Kontrowersyjny polityk związany z KO usłyszał diagnozę. Ma raka jelita grubego

Diagnoza i plan leczenia
„Nic mnie nie bolało, ale postanowiłem zbadać się just in case” – napisał Migalski w mediach społecznościowych. Wpis towarzyszy zdjęciu z szpitala, a w jego treści ujawnił, że za dwa dni czeka go operacja polegająca na usunięciu dużej części esicy – fragmentu jelita grubego. Diagnoza to nowotwór złośliwy, ale o niskiej emisyjności, co daje nadzieję na skuteczne leczenie.
Mimo diagnozy Migalski zachowuje optymizm: zapowiada, że po operacji, chemioterapii i rehabilitacji jest realna szansa, by wrócić do dawnego stylu życia. Zaznacza, że chce być później regularnie monitorowany, by wykrywać ewentualne ogniska tej choroby.
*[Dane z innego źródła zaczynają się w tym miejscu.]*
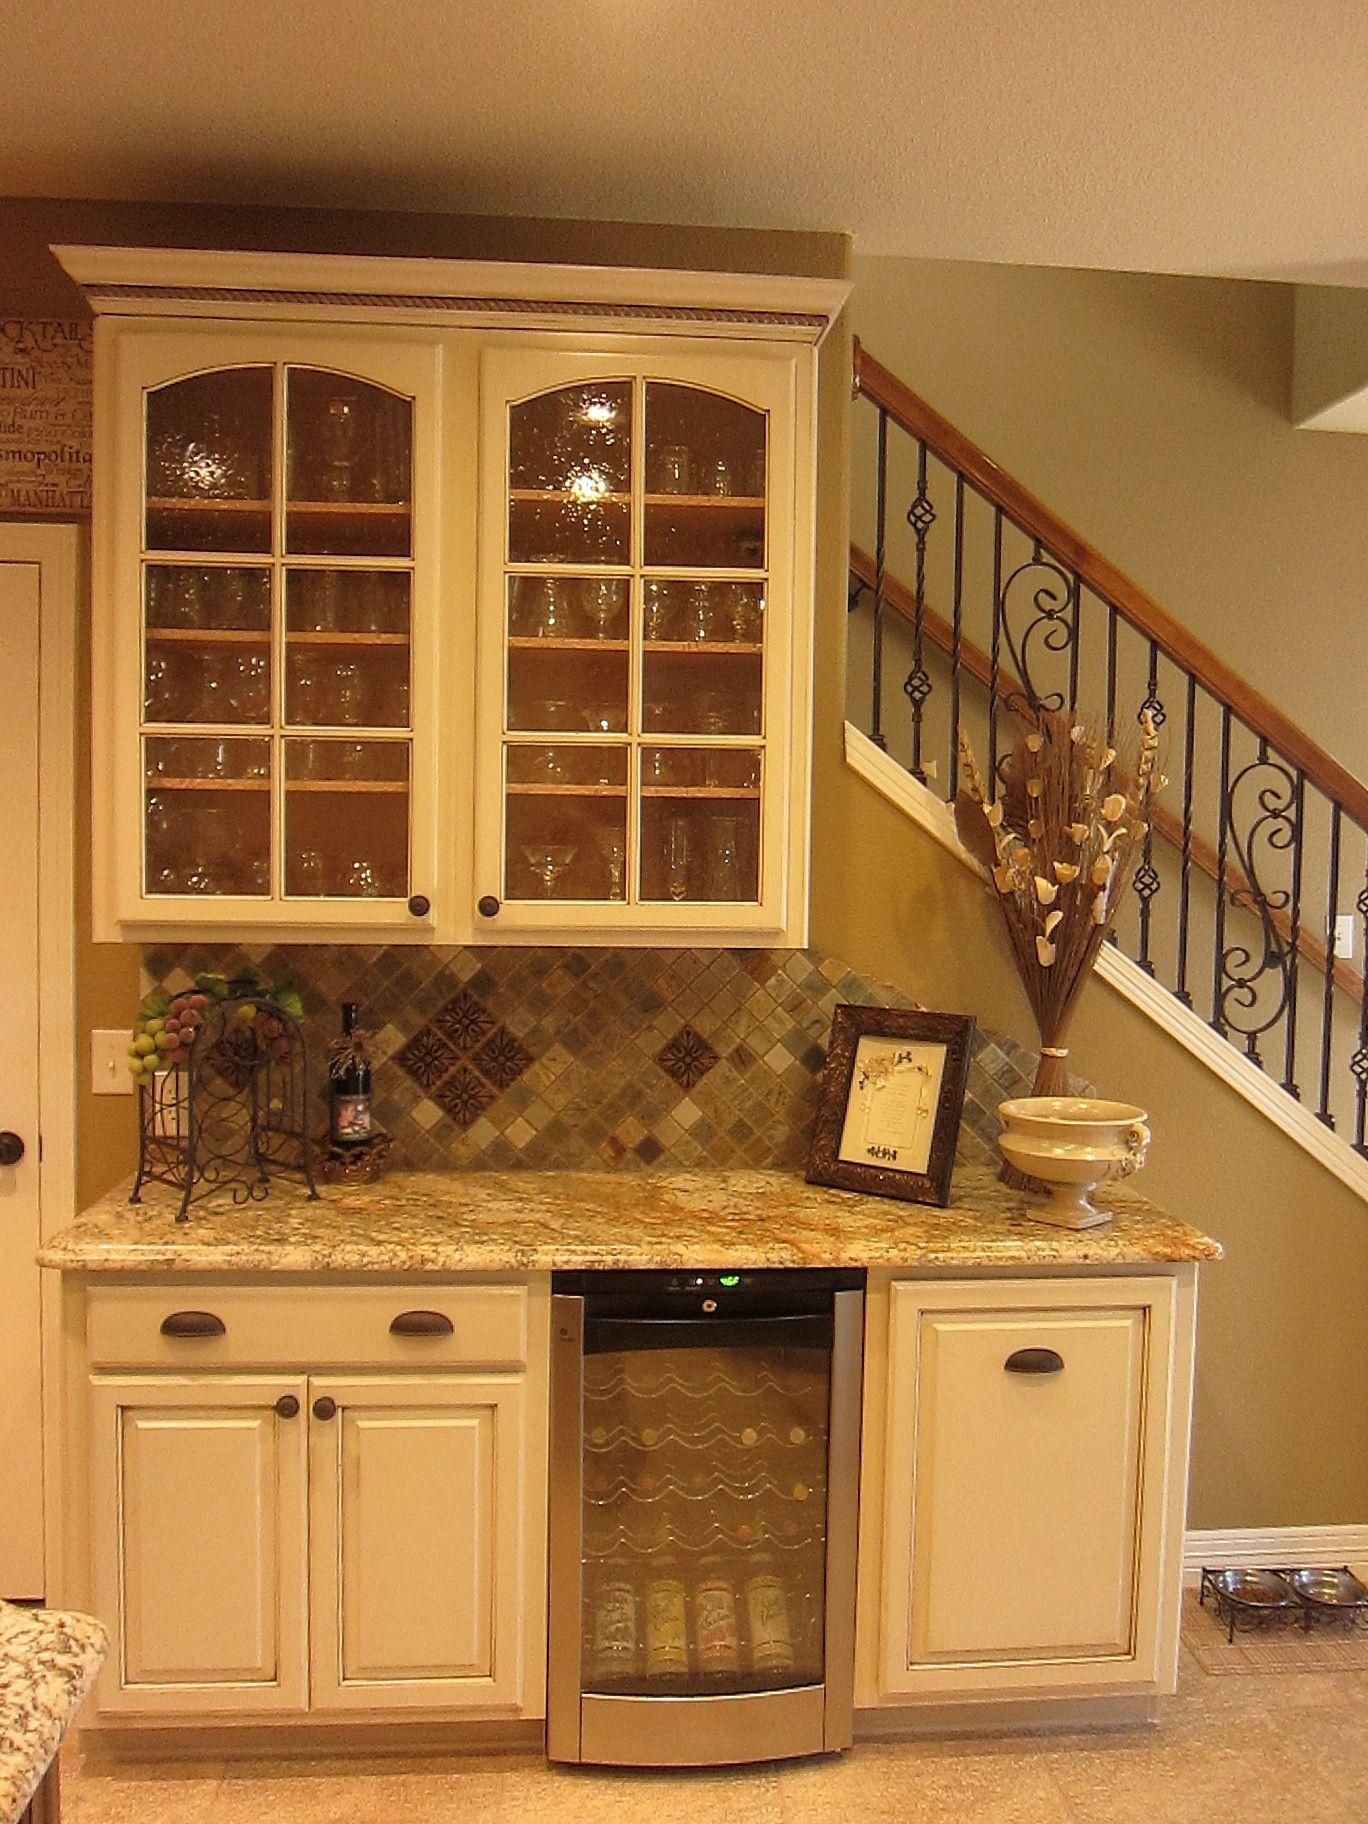 Beverage center by LoneStar Property Solutions | Kitchen redo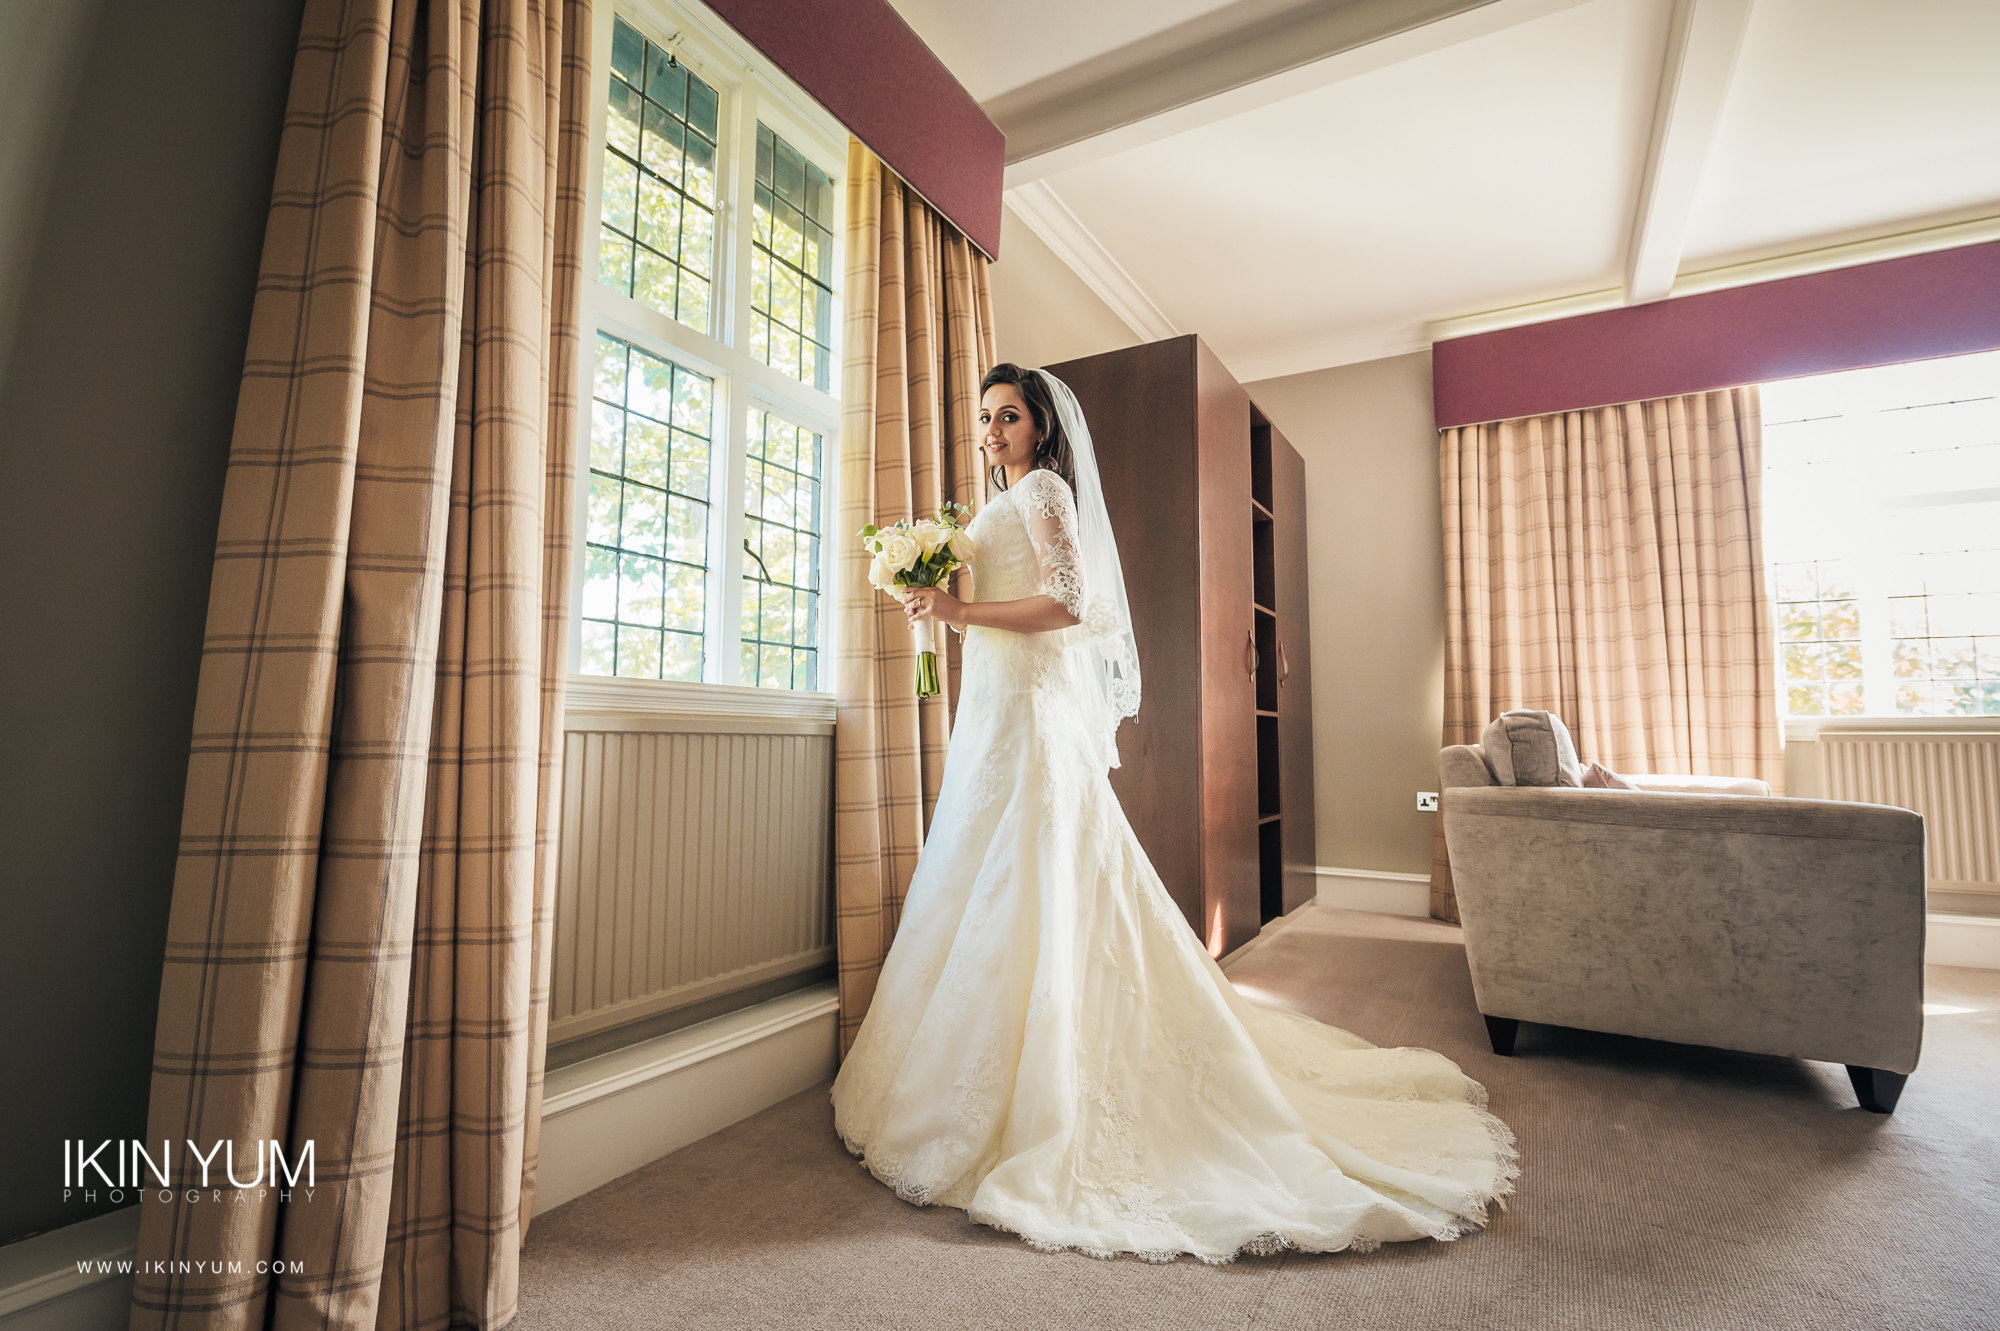 Laura Ashley Manor Wedding - Ikin Yum Photography-027.jpg

Apel o profilaktykę i badania
W swoim wpisie Migalski wystosował apel do wszystkich:
„Zapieprzajcie na badania! Wy i wasi bliscy. Zróbcie kolonoskopię, gastroskopię, markery, TK. Walczcie o siebie, póki nie jest za późno. … Życie jest tego warte.” - napisał.
Politolog podkreśla, że jego sytuacja powinna być ostrzeżeniem – nawet osoby prowadzące zdrowy tryb życia, aktywne i dbające o dietę, mogą mieć zmiany nowotworowe. Wykrycie choroby we wczesnym stadium daje znacznie większe szanse na wyleczenie.
Zapomniał tylko dodać, że niestety nie każdego stać na prywatne badania, lekarze pierwszego kontaktu nie zawsze chcą wystawiać skierowania na te finansowane z NFZ, a jeżeli już uda się skierowanie uzyskać, to czas oczekiwania na badania jets dośc długi.
Co dalej?
Migalski podkreśla, że decyzja o kolonoskopii zapadła bezobjawowo, a sam zabieg „na wszelki wypadek” okazał się kluczowy. Jego przykład pokazuje, jak ważna jest profilaktyka raka jelita grubego – choroby, która w Polsce i na świecie dotyka coraz więcej osób.